The company plans on manufacturing two video cards based on the updated GPU, they will be absolutely identical in frequencies and memory size.

ATI RADEON X1950 XTX 512MB GDDR4, 650/2000 MHz, 48 pixel/8 vertex pipes/16 TMUs/16 ROPs — $449
ATI RADEON X1950 CrossFire Edition 512MB GDDR4, 650/2000 MHz, 48 pixel/8 vertex pipes/16 TMUs/16 ROPs — $449

This great price drop will lead to much lower prices for the old solutions: $399 for the X1900 XTX, $299 for the X1900 XT. Then there will appear the X1900 XT 256MB card for $279. Well... we haven't seen such a price war for a long time. I wonder what will be NVIDIA's response.

Video card

ATI RADEON X1950 XTX 512MB PCI-E

GPU: RADEON X1950 (R580+)

Interface: PCI-Express x16

GPU frequencies: 650 MHz (nominal - 650 MHz)

Memory frequencies (physical/effective): 1000 (2000) MHz (nominal - 1000 (2000) MHz)

Memory bus width: 256bit

Number of vertex pipelines: 8

Number of pixel pipelines: 48

Number of texture processors: 16

Number of ROPs: 16

Dimensions: 220x100x31mm (the last figure is the maximum thickness of a video card).

PCB color: red.

Output connectors: 2 x DVI (Dual-Link), TV-Out.
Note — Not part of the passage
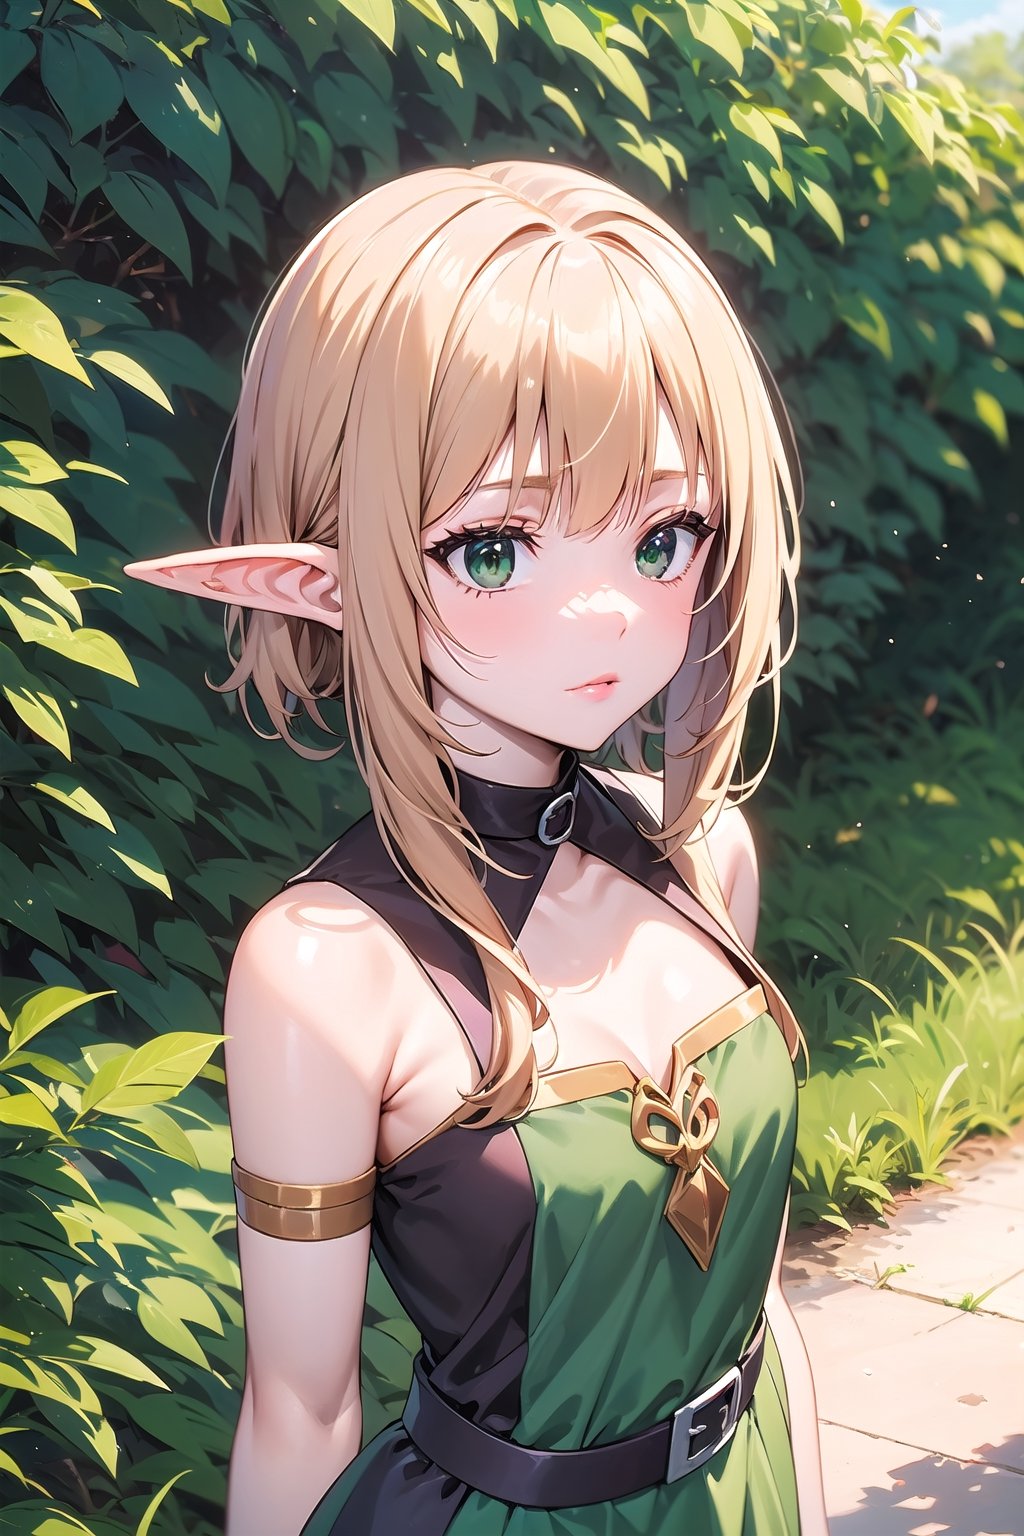 a half-human, half-elf girl, with white skin, green eyes, and wearing a long dress and a bow.

VIVO: available (RAGE Theater)

TV-out: integrated into GPU.

ATI RADEON X1950 XTX 512MB PCI-E
The video card has 512 MB of GDDR4 SDRAM allocated in eight chips on the front side of the PCB. Samsung (GDDR4) memory chips. 0.9ns memory access time, which corresponds to 1100 (2200) MHz. Unfortunately, the marking is not very distinct, so I'll reproduce it here: K4U52324QE-BC09

Comparison with the reference design, front view
ATI RADEON X1950 XTX 512MB PCI-E	Reference card ATI RADEON X1900 XTX 512MB PCI-E

Comparison with the reference design, back view
ATI RADEON X1950 XTX 512MB PCI-E	Reference card ATI RADEON X1900 XTX 512MB PCI-E

You can see well that the design suffered no changes compared to the X1900 XTX. Only the power supply unit was slightly modified (that's natural, as the card uses different memory chips with different voltages). In other respects, it's a complete copy, so there is no point in paying much attention to it. Especially as we have reviewed the X1900 XTX cards many times.
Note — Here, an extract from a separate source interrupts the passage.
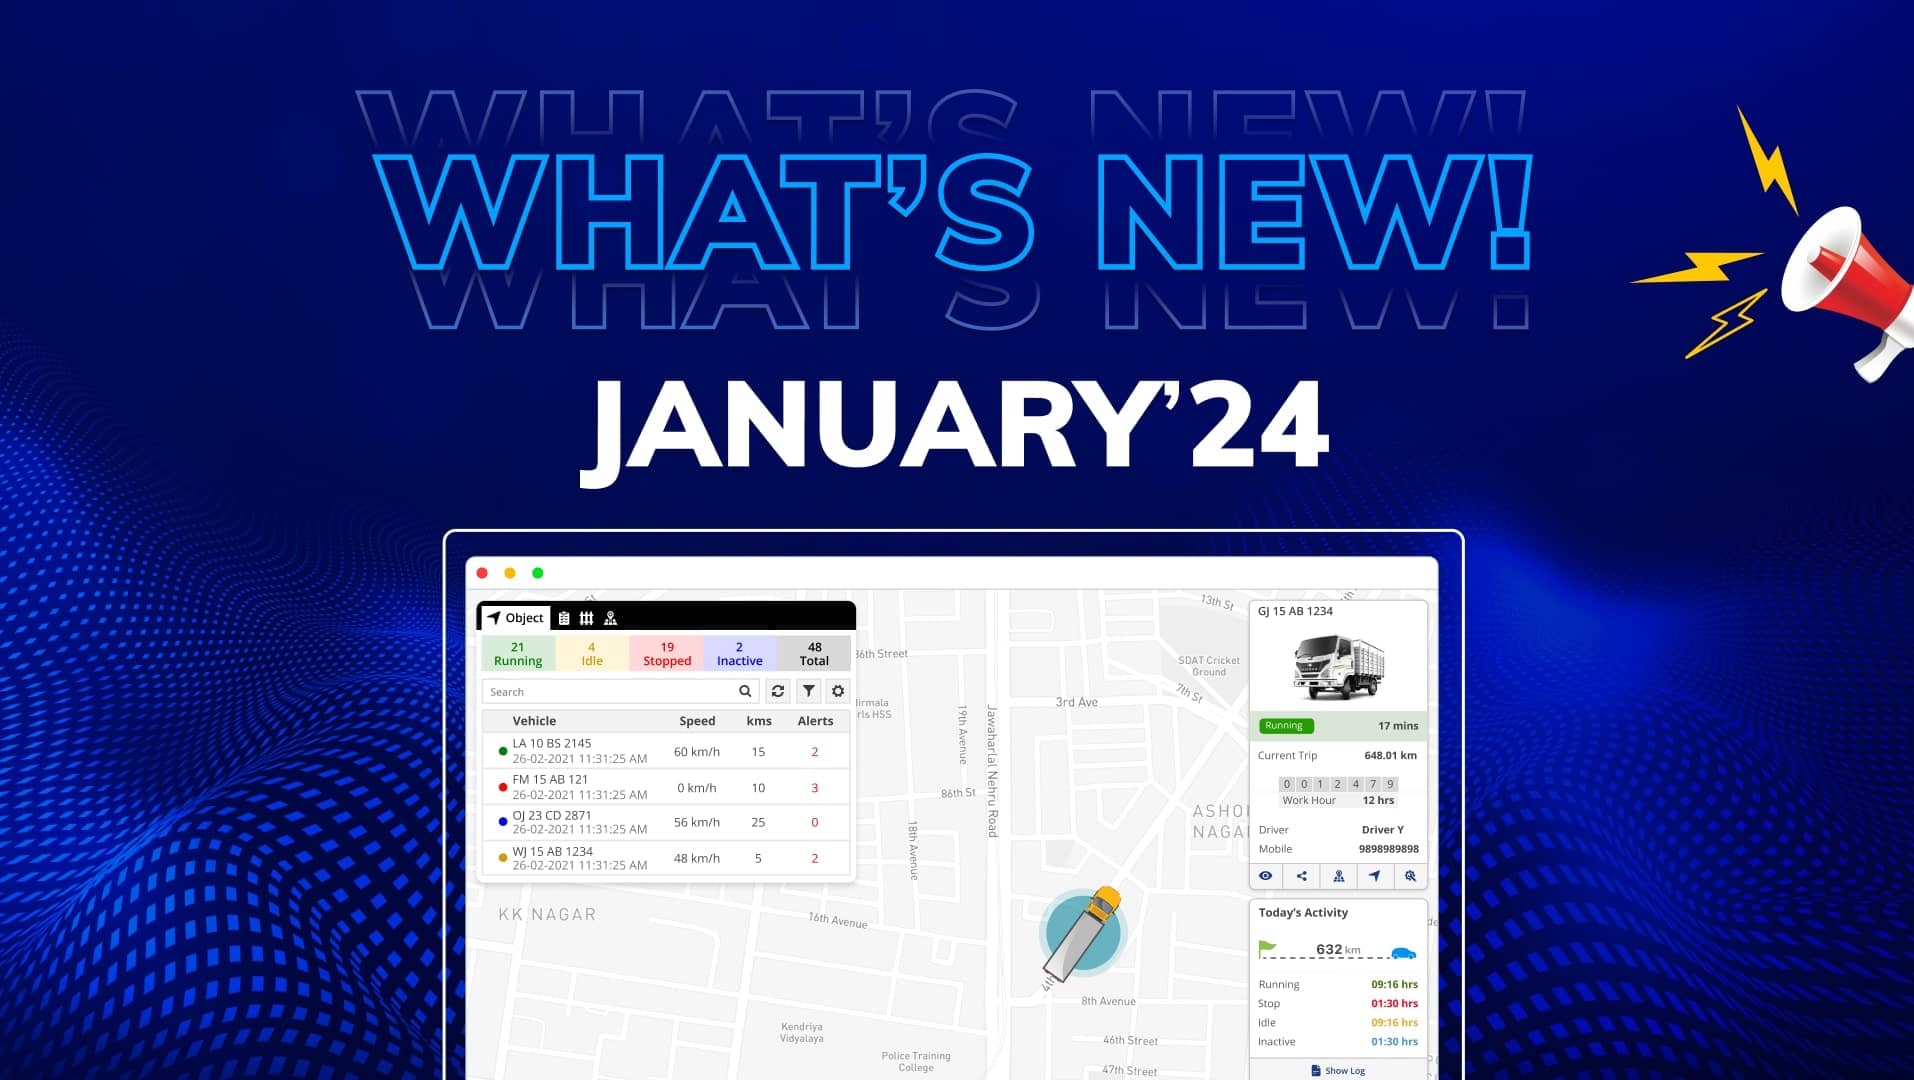 What’s New for the month of January 2024

Note that the card is equipped with very fast 0.9ns memory. But its operating frequency is reduced (1000 MHz instead of 1100 MHz).

We should mention that the card is equipped with a couple of DVI connectors. Dual link DVI allows to get resolutions higher than 1600x1200 via the digital connection.

Now let's review the cooling system.

We have already noted in the beginning of the article that one of the new elements in this product is a new cooler. Look at the photo above. Experienced readers may have already noticed that the design was borrowed from Arctic Cooling — a famous manufacturer of noiseless and very efficient cooling devices. We don't know who manufactured this very cooler for the Canadian company, there are no stickers or labels. But it seems like Arctic Cooling. Of course, the design is new in some respects and we see it for the first time. Fan blades in the first place. Fans from this company usually have quite different blades. There are fewer of them, but they are larger and curved.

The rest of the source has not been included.